Error Handling¶
Every liter-llm client and the proxy return the same error taxonomy, defined by the LiterLlmError enum in crates/liter-llm/src/error.rs. Seventeen variants cover authentication, rate limits, payload problems, transport failures, and internal bugs. Language bindings map each variant to an idiomatic exception type but preserve the original semantics.

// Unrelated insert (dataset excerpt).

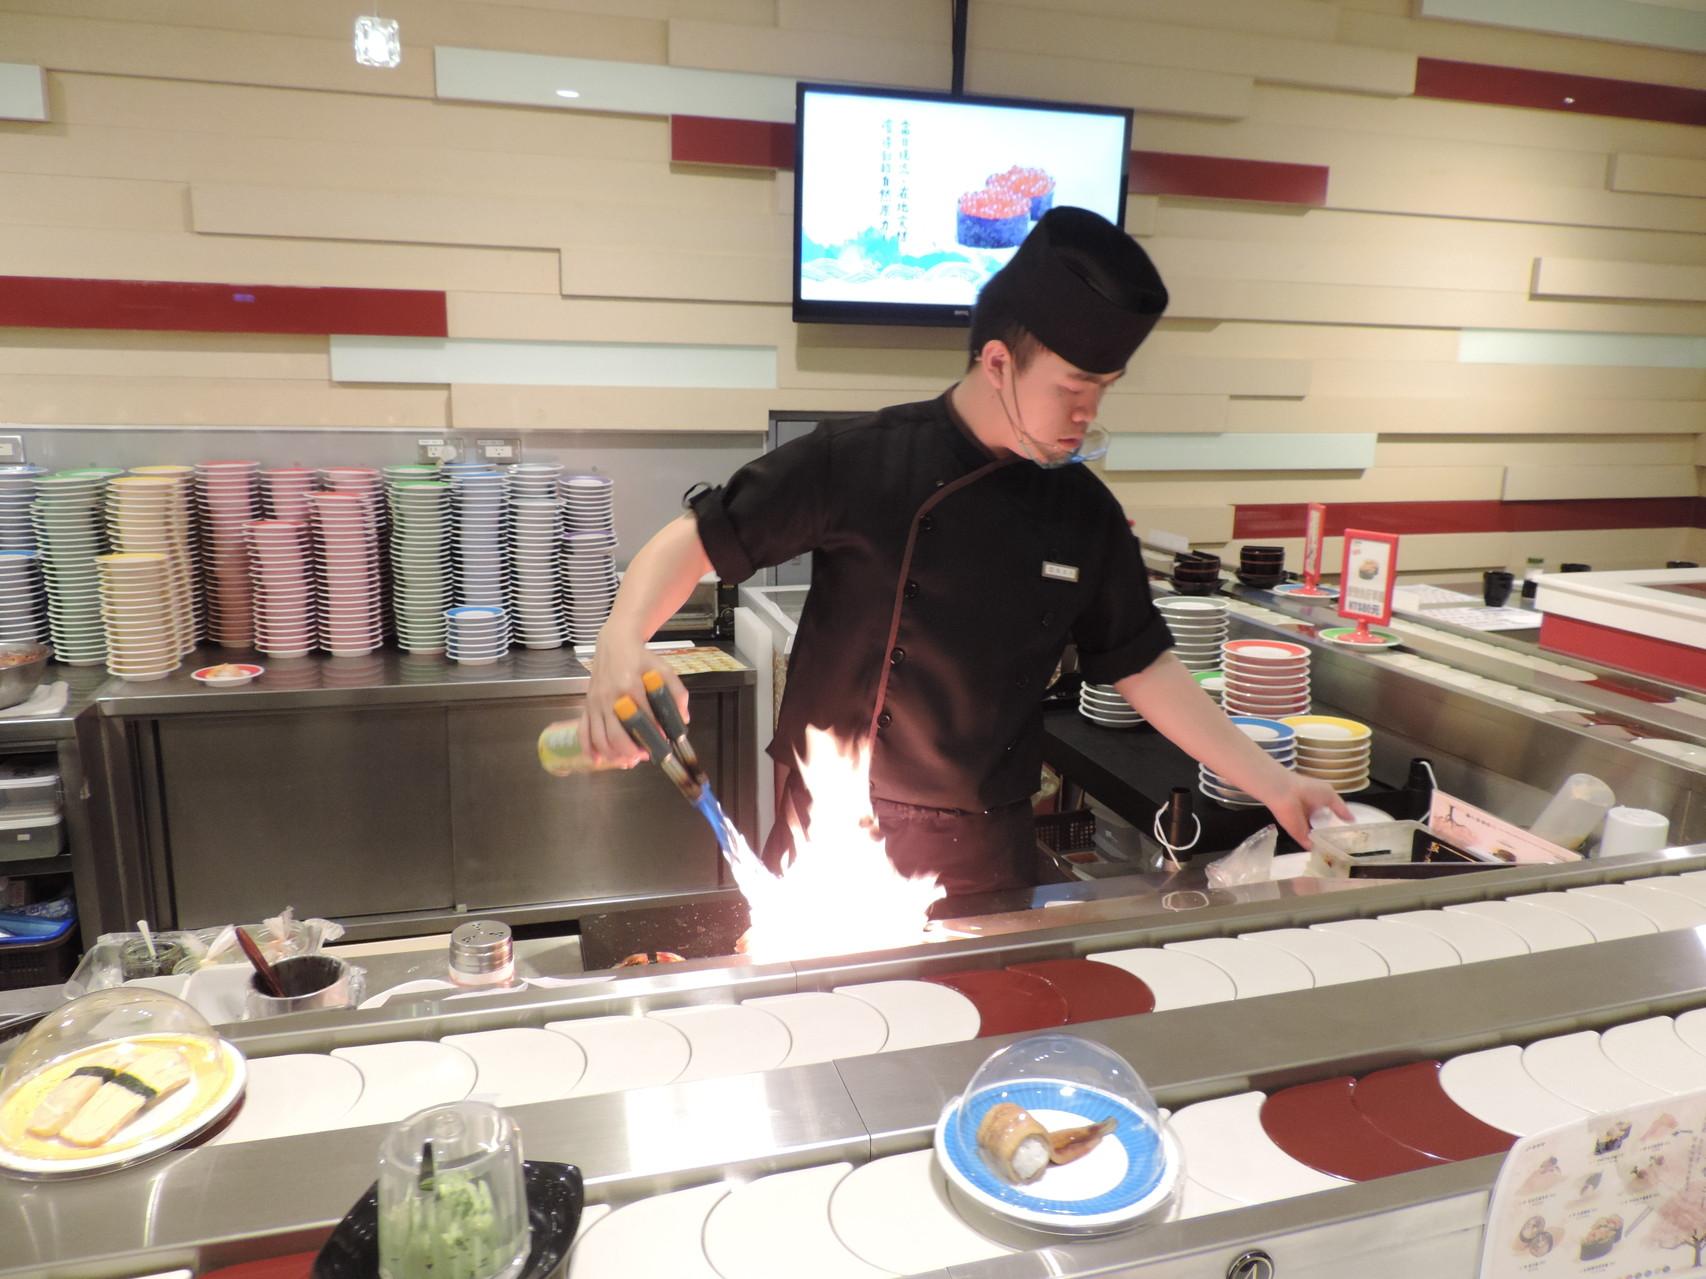 Wie grilliert man Crevetten in Taiwan? Mit zwei Bunsenbrenner gleichzeitig.

This page is the canonical reference. See API Reference for the per-language exception names.
Variants¶
The 17 variants, their typical cause, and whether the Tower middleware treats them as transient:
| Variant | Typical trigger | Transient? |
|---|---|---|
Authentication |
Provider rejected the API key or the token is missing. | no |
RateLimited |
Provider returned 429. Carries an optional retry_after parsed from the header. |
yes |
BadRequest |
Malformed request, unsupported parameter, or a 4xx the proxy could not classify further. | no |
ContextWindowExceeded |
Prompt plus max_tokens exceeds the model context window. Subclass of BadRequest in most bindings. |
no |
ContentPolicy |
Provider safety filter rejected the request or response. Subclass of BadRequest. |
no |
NotFound |
Model name is unknown to the provider, or the file/batch/response ID does not exist. | no |
ServerError |
Provider returned 500 with an unexpected body. | yes |
ServiceUnavailable |
Provider returned 502, 503, or 504, or a health probe marked the upstream unhealthy. | yes |
Timeout |
Request exceeded default_timeout_secs or the per-model timeout_secs. |
yes |
Network |
Transport-level failure from reqwest (connection reset, DNS, TLS). Only present with the native-http feature. |
yes |
Streaming |
UTF-8 decode, CRC mismatch (AWS EventStream), malformed SSE chunk, or buffer overflow during streaming. | no |
EndpointNotSupported |
Provider crate does not implement the requested endpoint (e.g. embeddings on an audio-only provider). | no |
InvalidHeader |
A custom header name or value failed HTTP validation. | no |
Serialization |
serde_json failed to encode the request or decode the response. |
no |
BudgetExceeded |
A [budget] or virtual-key budget_limit cap was hit. Returns 402 through the proxy. |
no |
HookRejected |
A registered hook explicitly rejected the request. | no |
InternalError |
Library bug. Should never surface in normal operation. | no |
Transient variants trigger fallbacks and retries. The Fallback & Routing layer calls LiterLlmError::is_transient() to decide whether to try the next endpoint or return the error to the caller.
HTTP status mapping¶
LiterLlmError::from_status turns an HTTP status code and response body into the right variant. The mapping, from error.rs:146:
| Status | Variant |
|---|---|
401, 403 |
Authentication |
429 |
RateLimited (with Retry-After parsed) |
400, 422 |
ContextWindowExceeded / ContentPolicy / BadRequest (selected by code or message heuristics) |
404 |
NotFound |
405, 413 |
BadRequest |
408 |
Timeout |
500 |
ServerError |
502, 503, 504 |
ServiceUnavailable |
Other 4xx |
BadRequest |
| Anything else | ServerError |
The classification for 400 and 422 prefers the structured code field (context_length_exceeded, content_policy_violation, content_filter) and falls back to substring matching on the message for providers that do not populate code.
Retry behaviour¶
The built-in HTTP client retries only on transient status codes. From crates/liter-llm/src/http/retry.rs:
- Retries only on
429,500,502,503,504. Everything else fails fast. max_retriesdefaults to3and is set globally via[general]max_retriesin the proxy config.- Backoff is exponential:
1s,2s,4s,8s, capped at30s. - Jitter scales each delay to a random value in
[0.5x, 1.0x]of the capped base to avoid thundering herds. - For
429, theRetry-Afterheader takes precedence, capped at60s. Integer seconds are parsed; HTTP-date format is logged and falls back to exponential backoff. - The loop honours the overall request timeout. A retry that would exceed the timeout is not attempted.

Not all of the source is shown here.